During the lull after the battle, Jim sneaks off and borrows Ben Gunn’s homemade boat. He rows out to the Hispaniola under cover of darkness and cuts the anchor line, setting the schooner adrift. In trying to return to the island, he is caught offshore by coastal currents, and when daylight comes, he can see that the Hispaniola, like his own small boat, is drifting aimlessly—and the large ship is bearing down on him. Just before Ben Gunn’s little boat is smashed, Jim manages to jump from it to the bowsprit of the Hispaniola. He finds himself on board alone with one of the pirates, Israel Hands, who has been wounded in a fight with another pirate. Jim takes command and proceeds to beach the ship. Pursued by Hands, he climbs the mast quickly, just avoiding being struck by a knife thrown by the pirate. Jim has time to prime and reload his pistols, and he shoots Hands after being pinned to the mast by another thrown knife that has struck him in the shoulder.

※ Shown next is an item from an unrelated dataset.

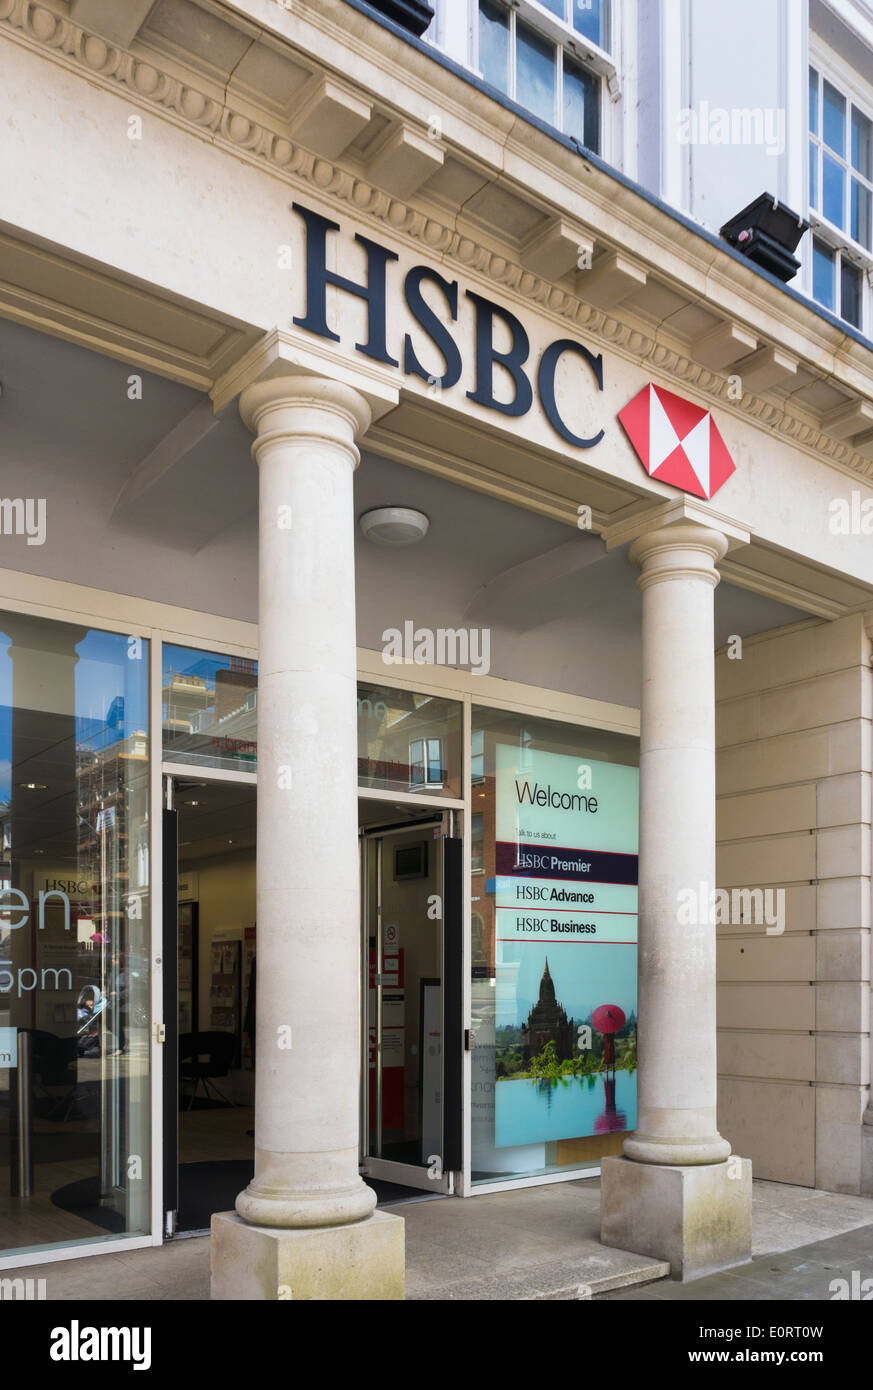 HSBC bank, England, UK Stock Photo

Jim removes the knife from his shoulder, makes the ship safe by removing the sails, and returns to the stockade at night, only to find it abandoned by his friends and now in the hands of the pirates. When Silver’s parrot draws attention to the boy’s presence, the pirates capture him. Dissatisfied with the buccaneer’s methods of gaining the treasure, Silver’s men are grumbling. One attempts to kill Jim, who has bragged to them of his exploits on behalf of his friends. Silver, however, for reasons of his own, takes the boy’s side and swears that he also would take the part of Squire Trelawney. Silver’s disaffected mates give him the Black Spot and depose him as their chief, but the pirate leader talks his way out of his difficulty by showing them, to Jim’s amazement and to their delight, Captain Flint’s map of Treasure Island.

Dr. Livesey arrives at the stockade under a flag of truce to provide medical care to the wounded pirates. He learns from Jim that Silver saved the boy’s life, and Jim hears, to his mystification, that the doctor gave Captain Flint’s map to Silver. Following the directions on the map, the pirates go to find the treasure. As they approach the hiding place, they hear a high voice singing the pirate chantey, “Yo-ho-ho, and a bottle of rum.” The voice also speaks the last words of Captain Flint. The men are terrified until Silver recognizes Ben Gunn’s voice. Then the pirates find the treasure cache opened and the treasure gone. When they uncover only a broken pick and some boards, they turn on Silver and Jim. At that moment, Jim’s friends, with Ben Gunn, arrive to rescue the boy.

Jim then learns what has transpired. Early in his stay on the island, Ben Gunn had discovered the treasure and carried it to his cave. After Dr. Livesey learned this from Gunn, Squire Trelawney’s party abandoned the stockade, and Dr. Livesey gave the useless map to Silver. Jim’s friends moved to Gunn’s safe and well-provisioned quarters.

The Hispaniola having been floated by a tide, the group is able to leave Treasure Island, abandoning there three escaped pirates. They sail to a West Indies port, where, with the connivance of Ben Gunn, John Silver escapes the ship with a bag of coins. After taking on a full crew, the schooner sails back to Bristol, where the survivors of the adventure divide the treasure among them.